# Show that $\int_{1}^\infty \dotsb\int_{1}^\infty \frac{dx_1 \dotsb dx_n}{x_1^{\alpha_1}+\dotsb + x_n^{\alpha_n}}<\infty$

Here's my solution to an old qualifier problem. Would you tackle it differently? Is there a flaw in my work?
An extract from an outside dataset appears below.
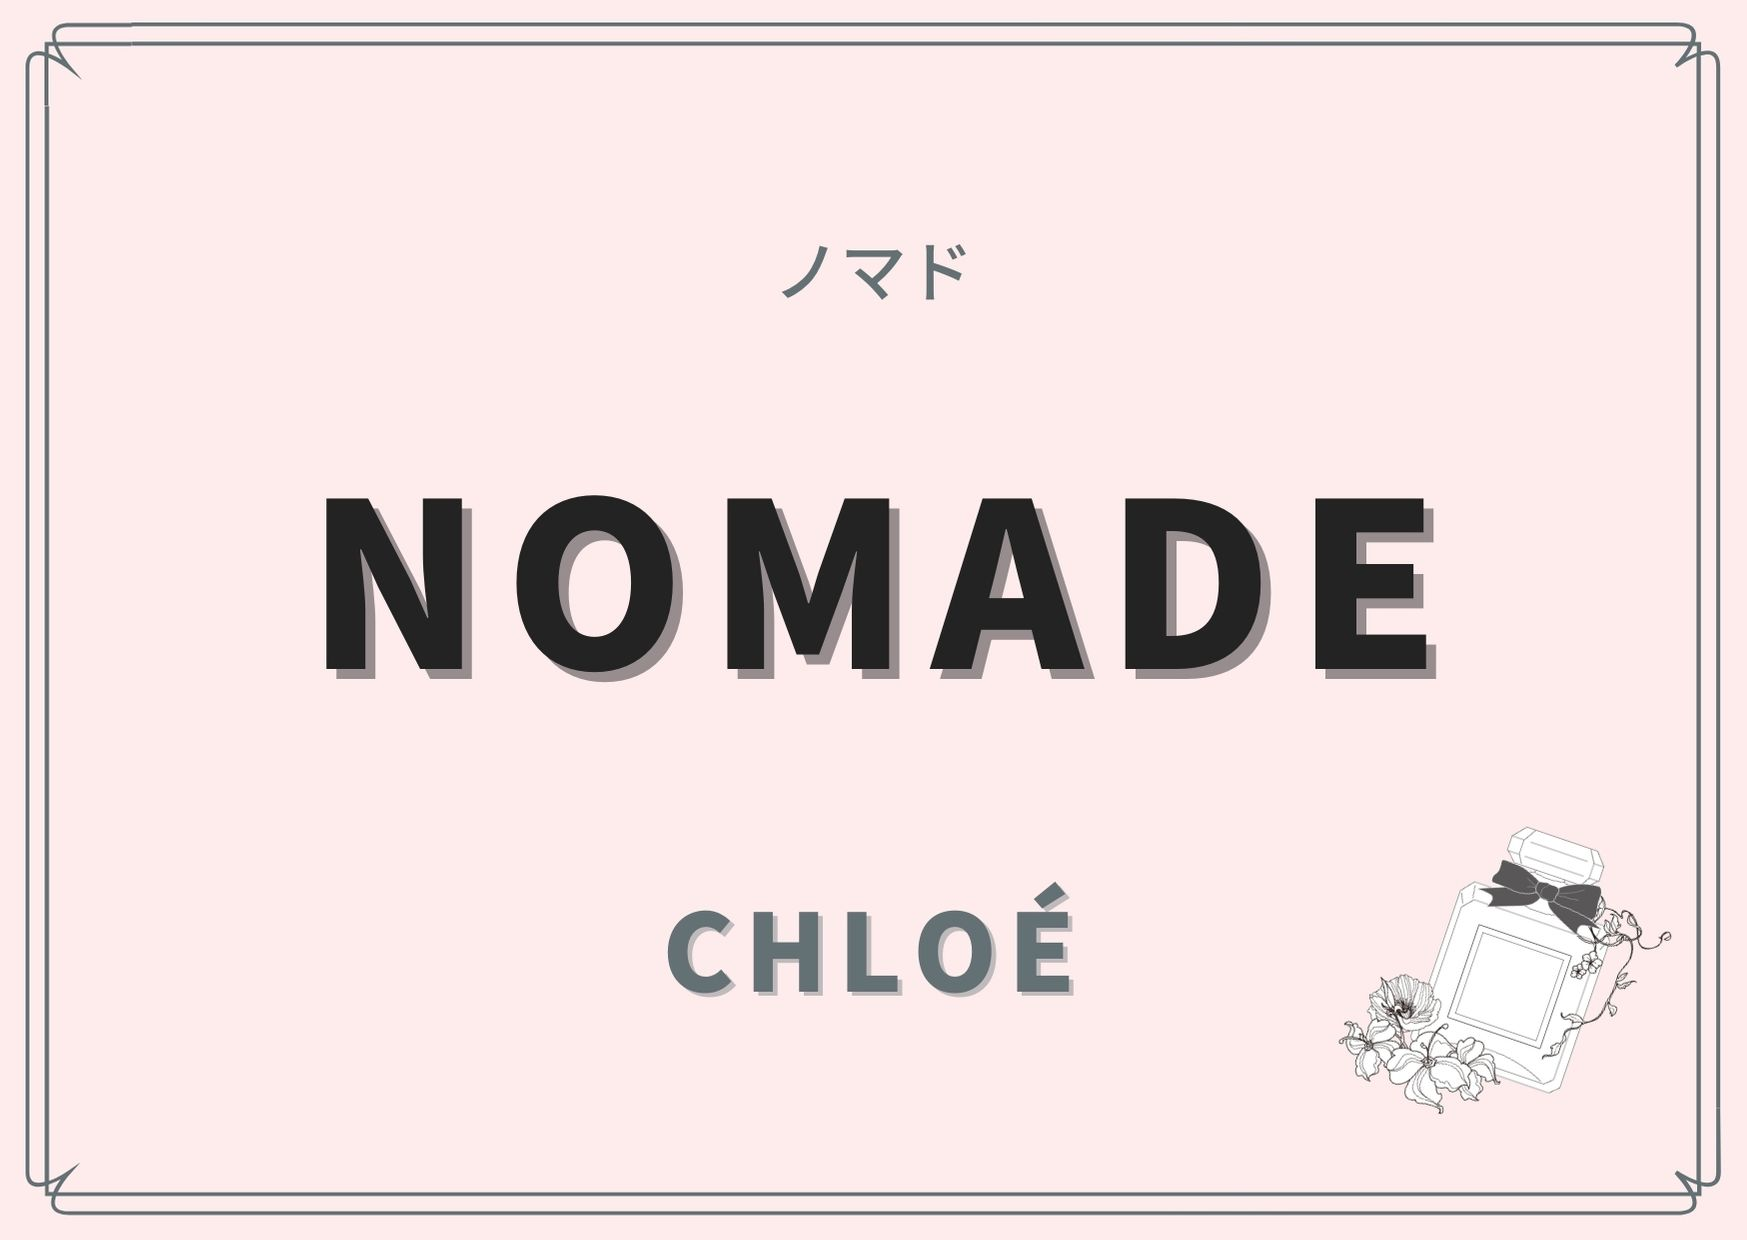 nomade(ノマド)/Chloé(クロエ)

Suppose that $\alpha_1, \dotsc, \alpha_n$ are positive numbers such that $$\frac1{\alpha_1}+ \dotsb + \frac1{\alpha_n}<1.$$

Show that $$\int_{1}^\infty \dotsb\int_{1}^\infty \frac{dx_1 \dotsb dx_n}{x_1^{\alpha_1}+\dotsb + x_n^{\alpha_n}}<\infty.$$

My answer: $x_1^{\alpha_1}+\dotsb + x_n^{\alpha_n} \overset{\text{(AM$\geq$GM)}}{\geq} n\cdot \sqrt[n]{x_1^{\alpha_1}\dotsb x_n^{\alpha_n}}$

$$\Rightarrow \int_{1}^\infty \dotsb\int_{1}^\infty \frac{dx_1 \dotsb dx_n}{x_1^{\alpha_1}+\dotsb + x_n^{\alpha_n}} \leq \frac1n \int_{1}^\infty \dotsb\int_{1}^\infty \frac{dx_1 \dotsb dx_n}{x_1^{\alpha_1/n}\dotsb x_n^{\alpha_n/n}},$$

at which point if we switch to hyperspherical coordinates

$$\leq \frac1n \int_{S^{n-1}} \int_{1}^\infty \frac{dx_1 \dotsb dx_n}{r^{\frac{\alpha_1+\dotsb + \alpha_n}{n}}|f(\sigma)|}r^{n-1} dr\,d\sigma,\tag{1}$$

where $\sigma$ is the position on the unit $(n-1)$ sphere in $\mathbb{R}^n$ and $|f(\sigma)|\leq1$. Note I have chosen a crude bound by integrating over the entire area outside the unit ball. Now

$$\frac1{\alpha_1}+ \dotsb + \frac1{\alpha_n}<1 \\\Rightarrow \frac{n}{\frac1{\alpha_1}+ \dotsb + \frac1{\alpha_n}}>n\\\overset{\text{AM \geq HM}}{\Rightarrow}\frac{\alpha_1 + \dotsb+\alpha_n}{n}>n$$

so the integral (1) is integrating a power of $r$ which is $>1$ in the denominator, so it converges.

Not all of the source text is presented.